Where there's a will, there's many ways to get into dispute

Lawyers for Herbert Smith find that passing along your worldly goods involves myriad complexities in different jurisdictions

PUBLISHED : Wednesday, 26 September, 2012, 12:00am
UPDATED : Wednesday, 03 October, 2012, 3:55pm

Shakespeare's King Lear famously grapples with complex issues of inheritance involving what lawyers would call mental capacity, undue influence and forgery. The passage of time has not simplified these issues, particularly where cross-border issues are involved.

A recent survey conducted across 12 jurisdictions in Asia shows just how widespread the differences are - particularly in the areas of trusts, estates and mental capacity. The differences can stem from all manner of sources, but cultural and religious considerations are important, as is the impact of colonial history.

India is a good example. One area our survey looked into was the extent to which someone can decide where their assets go when they die - whether they can execute a will. For Indian Christians, the position follows English common law. They have complete discretion how to distribute their estate. On the other hand, an Indian Muslim can only dispose of one-third of his or her estate by a will. The rest has to be distributed in accordance with certain "forced heirship" rules.

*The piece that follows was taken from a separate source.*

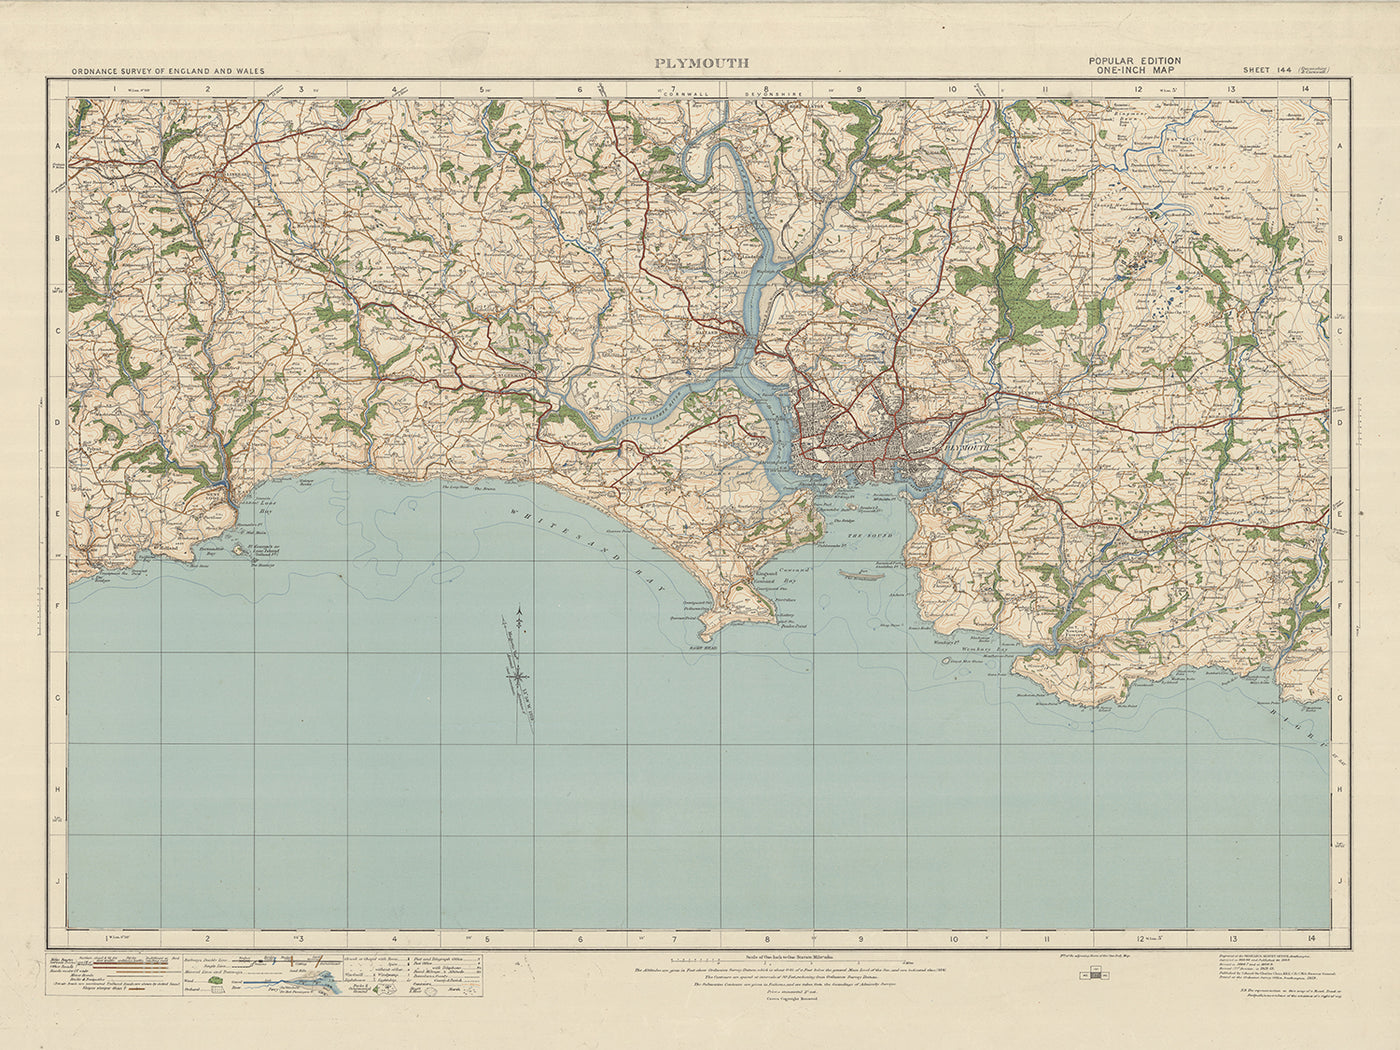 Ancienne carte de l'Ordnance Survey, feuille 144 - Plymouth, 1919-1926 : Saltash, Liskeard, Torpoint et Callington, avec le parc national de Dartmoor, la rivière Tamar et le pont Royal Albert.

To take another example, in India, the general rule is that marriage automatically revokes all wills made by a person before the marriage, which, again, mirrors the English law position. But this provision does not apply to Hindus, Buddhists, Sikhs, Jainas or Muslims.

Forced heirship rules are by no means unique to India. Indonesia - which has roots in Roman-Dutch law, as well as Islamic law - protects the rights of children and parents. In Japan - whose civil code is based on its equivalent in Germany and France - heirs other than siblings are entitled to a legally reserved interest in the estate if they are inadequately provided for. The law in the Philippines - which is strongly influenced by Spanish law, as well as having certain common law features - reserves certain parts of an estate for certain compulsory heirs. In certain scenarios, the deceased has no testamentary freedom at all as the whole estate must be given to "forced heirs".

These forced heirship rules may be of more than just passing interest. Most of the jurisdictions we surveyed follow similar rules on which law governs a deceased's assets:

  • For moveable assets (cash, shares or furniture), the law of the deceased's domicile will govern their distribution;
  • For immoveable assets (i.e. real estate), the law of the place where the land actually is will govern distribution.

The upshot of this can be that, for example, a holiday home in Indonesia or the Philippines (being an "immoveable asset") could be distributed in accordance with forced heirship rules and not the terms of someone's will. Thus the will may not achieve the desired outcome.

An increasingly important issue in the region is succession disputes. Hong Kong has seen a number of high-profile disputes recently, but it is not alone.

A key aspect of many of these is challenges to wills. Our survey has shown radically different approaches across the region. Hong Kong follows the English common law approach very closely and the main areas for challenge are usually lack of mental capacity, lack of knowledge or approval of the terms of the will or undue influence.

Mental capacity in this instance means that the person making the will:

  • Must understand the nature and effects of the documents he or she is signing (i.e. that it is a document that will take effect on death, governs assets and the effect that it will have over those assets);
  • Must understand the nature and extent of his/her assets (in broad terms);
  • Must understand the people who might have "moral claims" on his/her estate (i.e. the people who might sensibly be considered beneficiaries); and
  • Must not be suffering from a "disorder of the mind [that] poisons the Testator's affections, perverts his sense of right or prevents the exercise of his natural faculties".

Malaysia and Singapore follow this principle, too. South Korea takes a different position and appears to apply a lower test to a will than a contract. The person making the will only needs an understanding of his or her own intentions.